El Club de la Serpiente

Mempo Giardinelli "Los Mismos"

Sabíamos que en algún momento la Gladys era capaz de aparecerse, y eso nos tenía nerviosos. Había un cierto fervor en todos nosotros: una expectativa desfavorable, digamos, un deseo generalizado y unánime de que pudiera contenerse, que se aguantar el dolor sola, en su casa. Y era de esperar que alguna amiga del barrio ya hubiese corrido a asistirla, a distraerla y acompañarla para que no compareciera, para disuadirla de ira al velorio de Ramón.

Estábamos los mismos de siempre, en la puerta del comité, preocupados, atento a los coches que doblaban la esquina enfilando por López y Planes, no fuera a llegar la Gladys en el Fitito Azul, el cascajito ese que le regló el Ramón en el sesenta y ocho, cuando echó buena en tiempos de Krieger Vasena y se hizo onganiísta y empezó a defender a los militares como si hubiese hecho la colimba. Estábamos ahí, muertos de calor, sofocados por la humedad de la mañana, bajo el jacarandá de la puerta del comité, fumando y hablando en voz baja todavía, aunque ya el Rengo Luis había soltado un par de carcajadas con los primero cuentos que narró Gómez, el peluquero, reprochado lo cual se excusó diciendo que bueno, no era para tanto, el Ramón se había muerto a las cuatro de la mañana y desde las siete estábamos todos ahí de modo que nadie podía quejarse; encima era domingo y el domingo es buen día para morirse así vienen los amigos bien temprano, además toda la familia ya había visto nuestras caras de tristeza y ultimadamente los cuentos de Gómez son buenísimos.

Ya habíamos recorrido la previsible variedad temática para la ocasión: política, inflación, el desaste de Racing, el repunte de For Ever, los últimos ilícitos de los milicos a cargo del gobierno provincial, y hasta le habíamos sacado el cuero a más de uno y Carmencita había hablado de arte –como siempre hace- diciendo que era una sensibilidad que no podía expresarse con palabras porque el arte es indefinible "pero es algo que se siente". Castillo se burló de él y el Rengo le festejó la grosería, y entonces yo tuve que decir ché, carajo, respeten un poco. Naturalmente, a primera hora de la mañana ya habíamos recuperado y repetido todos los lugares comunes sobre la muerte, y también las paradojas que siempre se detectan en los velorios, como que Ramón moría el mismo día 23 antes de Navidad que su finado padre, fallecido veintitrés años atrás, qué increíble, qué casualidad.

Estábamos ahí, mirando la esquina, y Pianello dijo "va a venir, la loca esa va a venir" y puso cara de semental cansado, que es la única que sabe poner pero que ya no le sienta porque a los setenta y cinco además de los pelos lo que se le cayó es la virilidad.

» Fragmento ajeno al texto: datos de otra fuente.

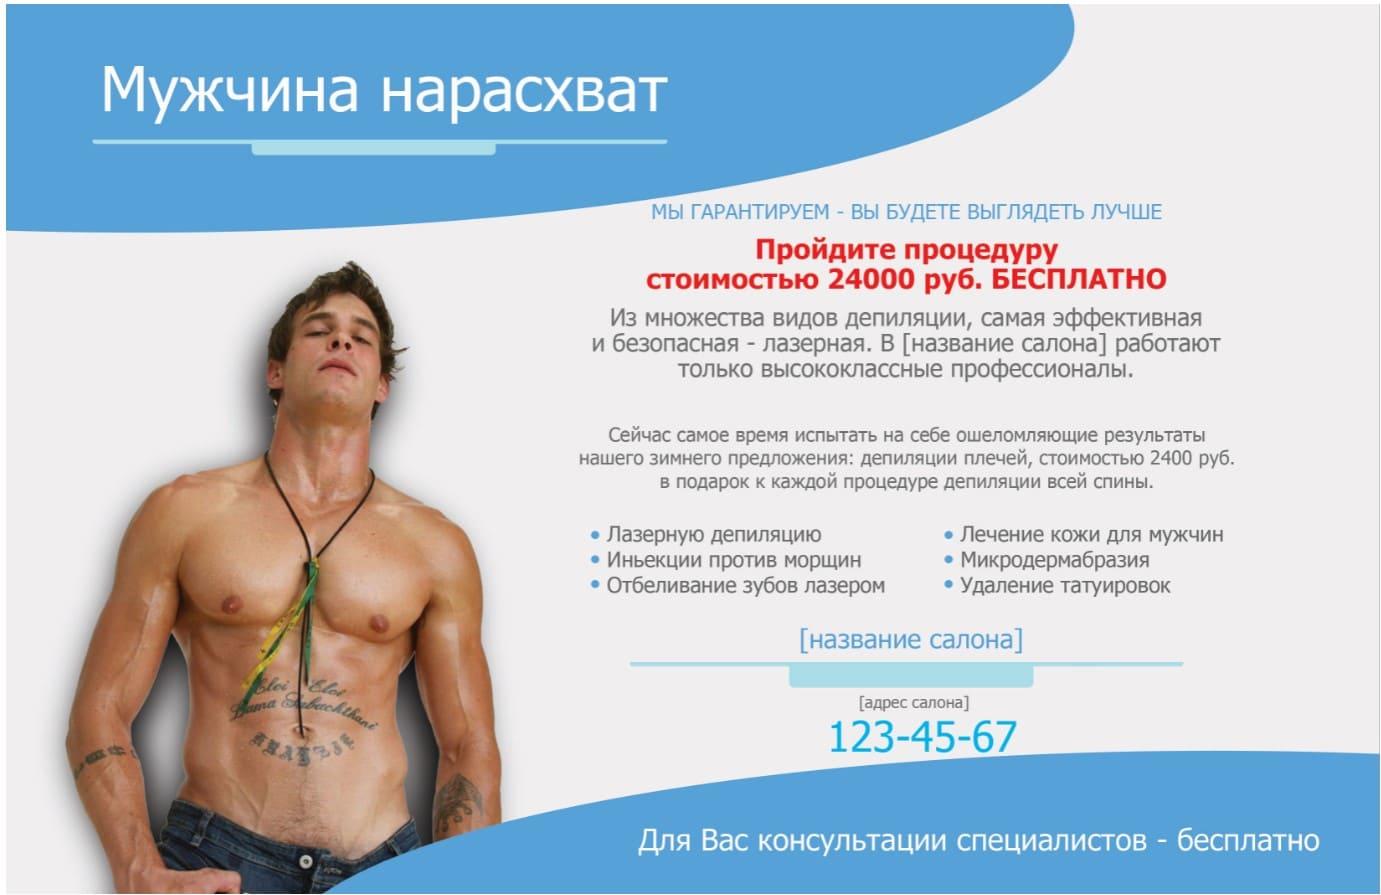 Пример рекламы для СПА салонов и студий красоты

Castillo opinó que "habría que ir a la casa de Gladys, digo yo, para detenerla", y Kraniasky replicó "entonces andá vos, queride, si ‘stás tan preocupado por chica esa". Castillo dijo "no, mejor que vaya Carmencita, andá Carmencita que entre minas se entienden" y lo codeaba a Martinolli que se reía mostrando esos dientes que tiene, tan grandes que parecen tarjetas de funcionario. Carmencita los miró con ironía y le retrucó a Castillo "no, mejor andá vos, pero a la puta que te parió". Pianello, encendiendo un cigarrillo con angustia evidente, dijo "acábenla ché que la loca esa va a venir, lo presiento acá" y se tocó el esternón desnutrido, chupado hacia dentro como si en las tripas tuviese una aspiradora, mientras yo pensaba pobre Carmencita, tan buen tipo, por qué será que nos banca y mantiene es sonrisa de bueno que, como dice el Rengo, para Juan Pablo Segundo en la ventana de San Pedro bendiciendo al mundo como se lo ven en la tele.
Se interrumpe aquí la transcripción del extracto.